German workers at Grenzland signed contracts on basis of the 400€ law (so calles “mini-jobs”). Polish workers had to sign a special contract, which registered them as owner of a small-scale enterprise. As most of them do not speak German, they simply did not know what they signed. Now their judicial status does not include payments for old-age pension and health insurance which is notorious for all workers. German companies register workers from East Europe as owner of a small-scale enterprise to spare tax and social security contribution.

Most workers in Venlo (NL) or Rhede (DE) have been affected by delays of payment. FAU has documents of seven Polish workers, who did not receive thousands of Euro. 21 German workers signed a paper approving the work hours of their Polish colleagues. Four of them stayed in Rhede until midst of April; three of them refused to work since January. When German workers did not receive their January wage, they collectively threatened Grenzland to pack in their jobs. After that, four Polish workers got paid. Some remained working for Grenzland for the time being, some went to the labour court.

Grenzland must pay!

After several talks to workers, document classifications and consultation of lawyers, FAU called on Grenzland Produktions- und Handels GmbH to pay. But the bosses did not react. Then FAU initiated court orders against them. When they received no answer, FAU held a picket in front of a Plant-Devil shop in Duisburg. Their customers got informed about the racketeering going on. FAU sections nationwide already prepare actions to inform customers and residents of Rhede, Venlo and Duisburg, if Grenzland does not pay. There has been a farm in Münsterland some years ago which refused to pay Spanish workers. After some direct actions against them by FAU syndicates and other supporters, the company needed to close.
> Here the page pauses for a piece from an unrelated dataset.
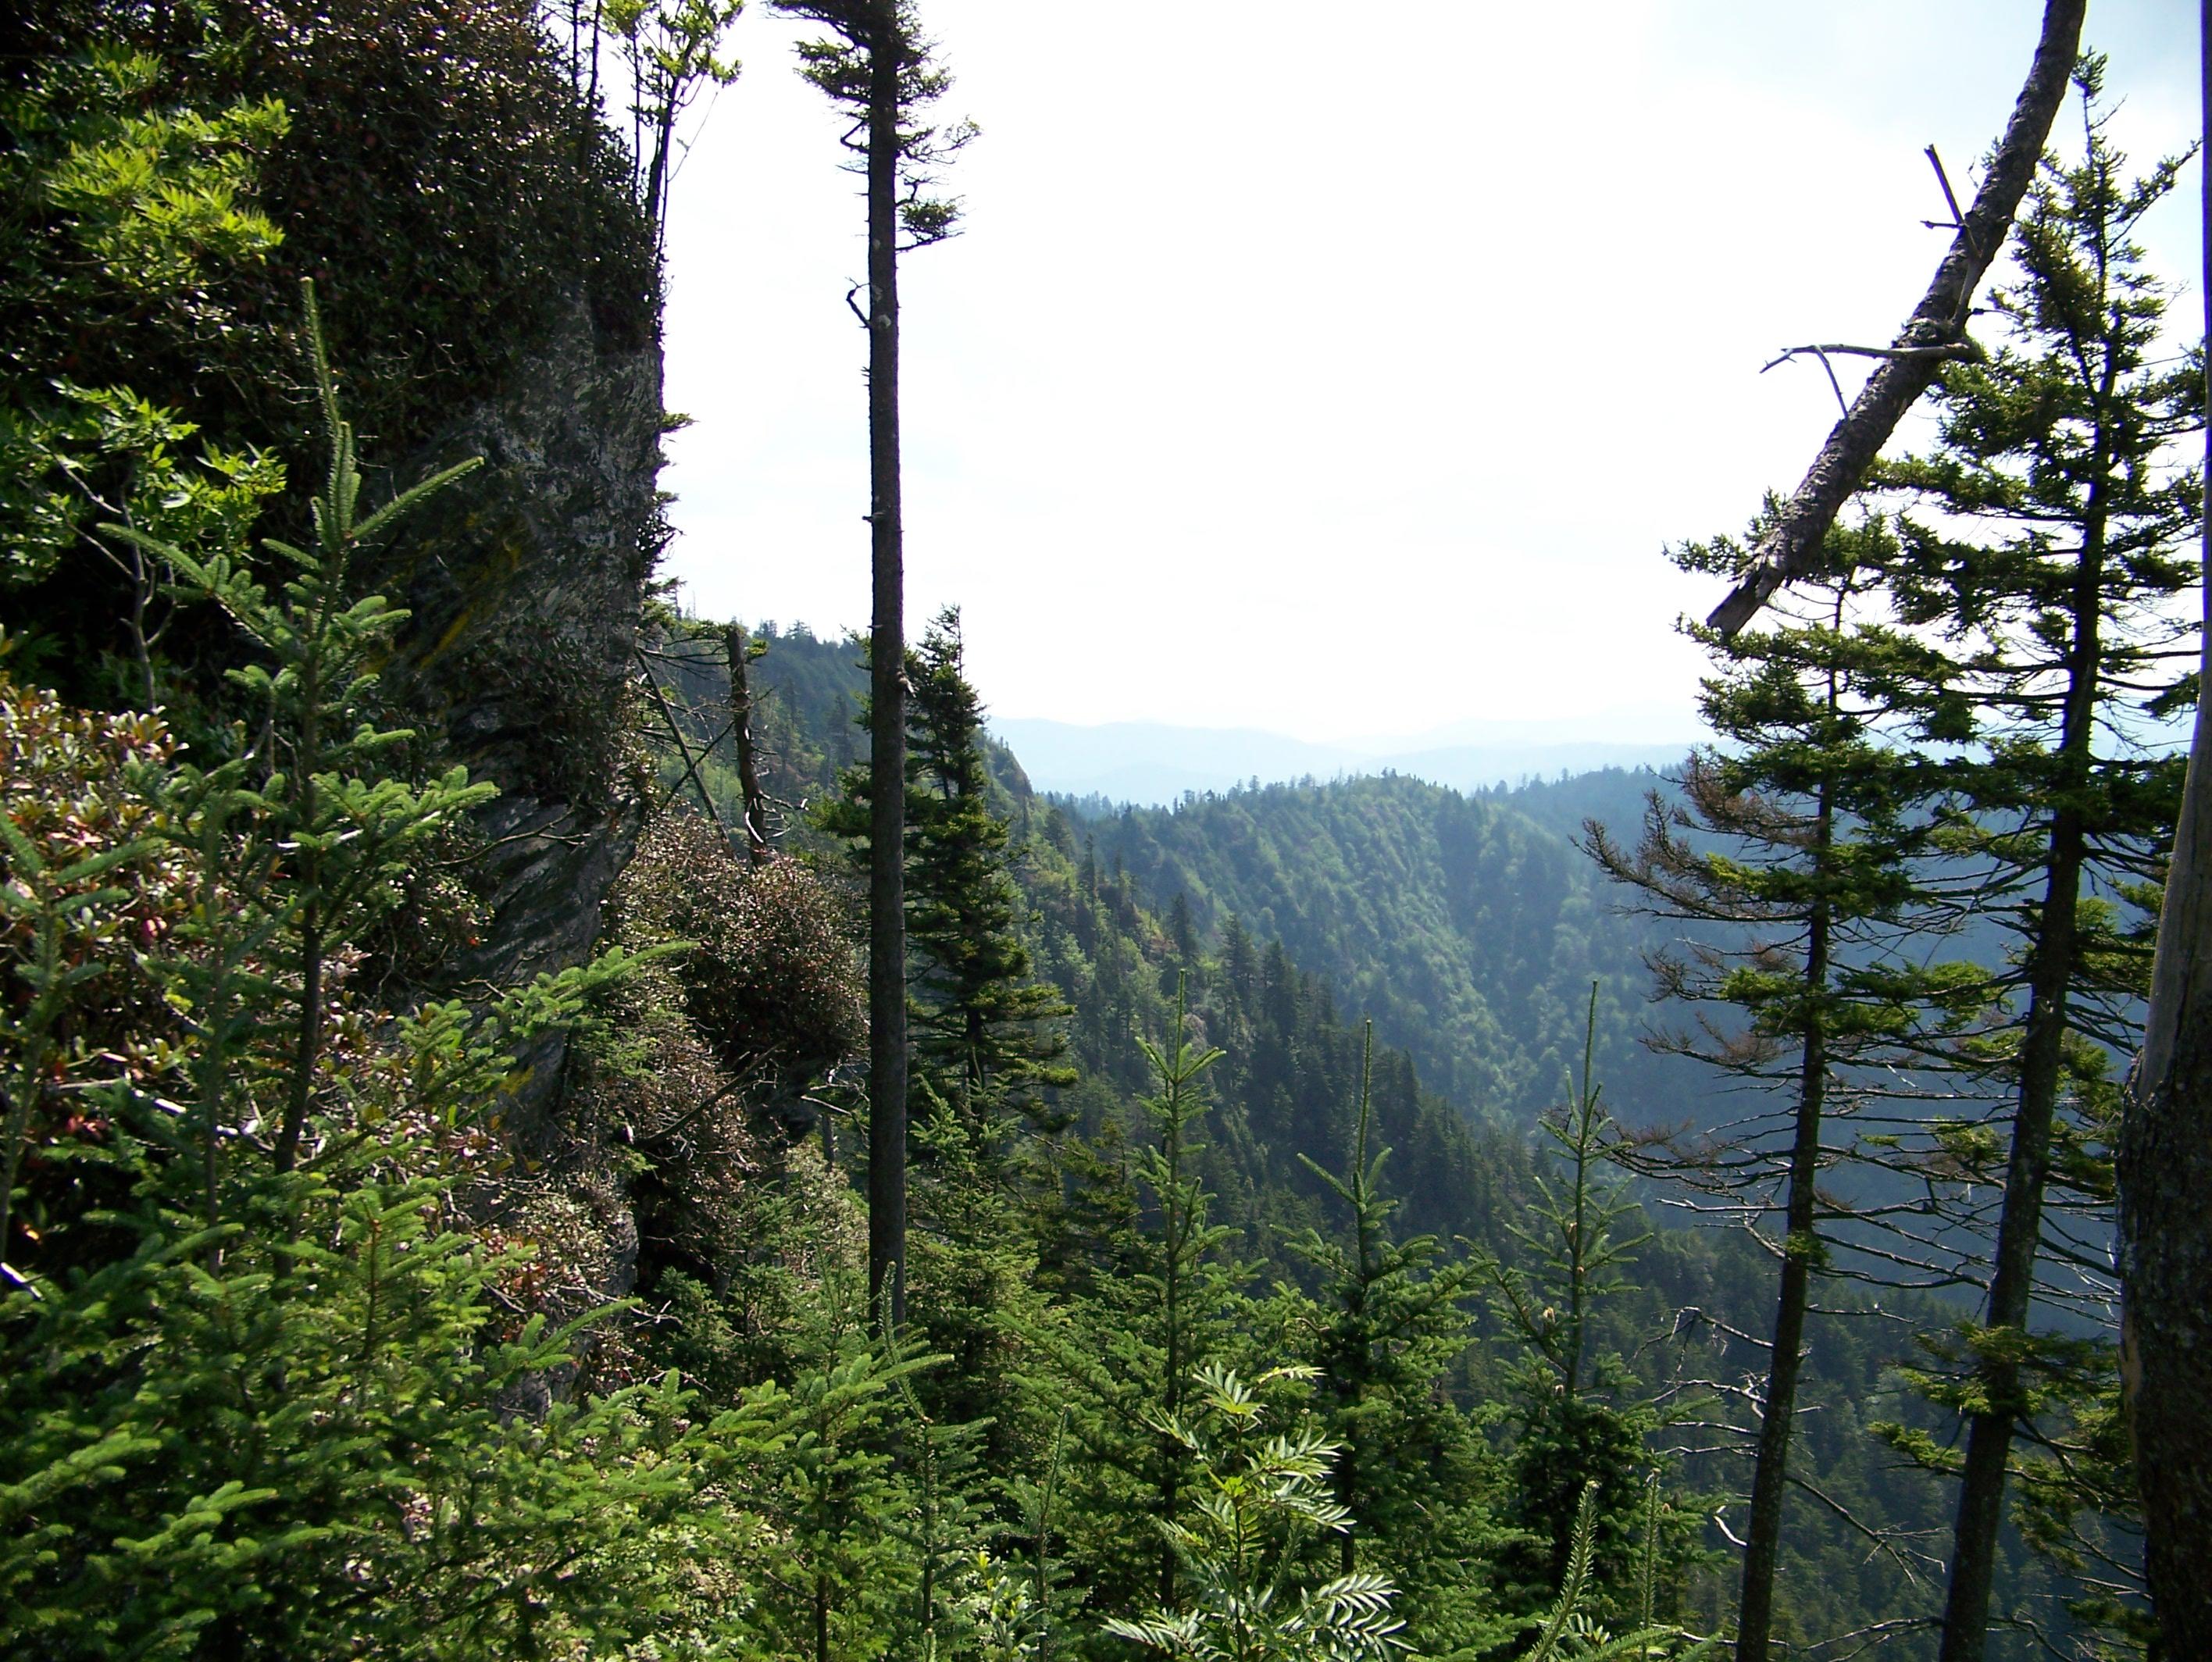 Eagle Cliffs

FAU thinks that the number of exploited workers from East European areas will significantly increase in the upcoming months. On May 1, a new law has been inaugurated granting complete labour mobility for workers from Estonia, Latvia, Lithuania, Poland, Slovakia, Slovenia, Czech Republic and Hungary. As more workers from those regions will work in Germany, more attempts of wage-theft will occur. Most of the workers do not speak German and have no idea about Germany's labour law.
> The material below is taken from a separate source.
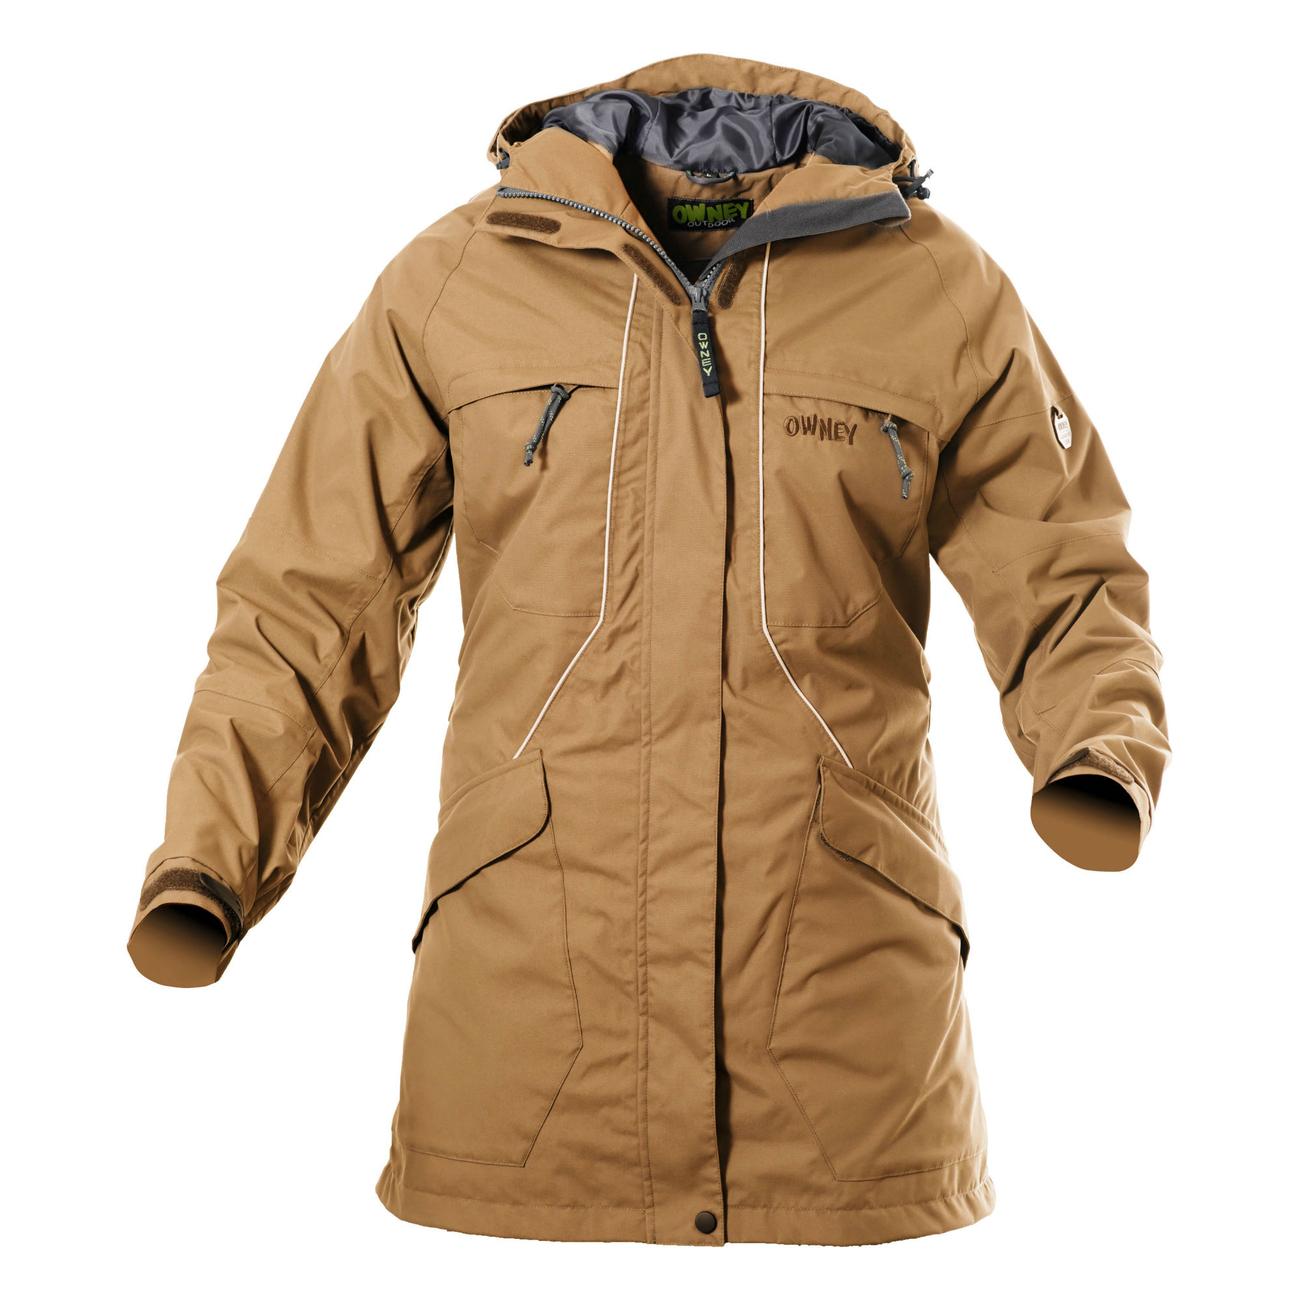 Owney Outdoor Parka für Damen Tuvaq, XL, beige

Struggle Generates Solidarity

“The workers have no country” has always been an anarchosyndicalist principle. We are forced to leave our homes to look for work in all parts of this planet. We laboured in Argentine's metal working industry and we ruined our health in Californian laundries and in the sweatshops of New York. Today we are Pakistani wage slaves building skyscrapers next to the Persian gulf; we are Philippine housemaids serving dinner to the new rich in Hong Kong and we ruin our backs harvesting asparagus in Germany and the Netherlands. Everywhere we sold our labour we have been forced to fight for our rights and practice solidarity. Today it is only possible if native and foreign workers unite. And we have to organise. Grenzland has shown that quite plainly. Without solidarity between FAU and the Polish IWA section ZSP it would have been much more difficult to talk to the Polish workers and keep in touch with them. On the other hand, FAU supports a conflict of Polish temporary workers who are being employed by the temporary work agency OTTO-Workforce. Our comrades from ZSP-IWA, PA-IWA and AGA from Amsterdam have initiated this campaign. There are more examples showing that struggle generates practical solidarity. It is not us who need borders and states but capitalism. It is needed to divide us into ethnicities and nationalities, control us and play us off against ourselves. Our struggle to end wage slavery, for a better life on this planet and for a global free society needs to fight borders and the prison of national states, because these are borders forced upon us by capitalism.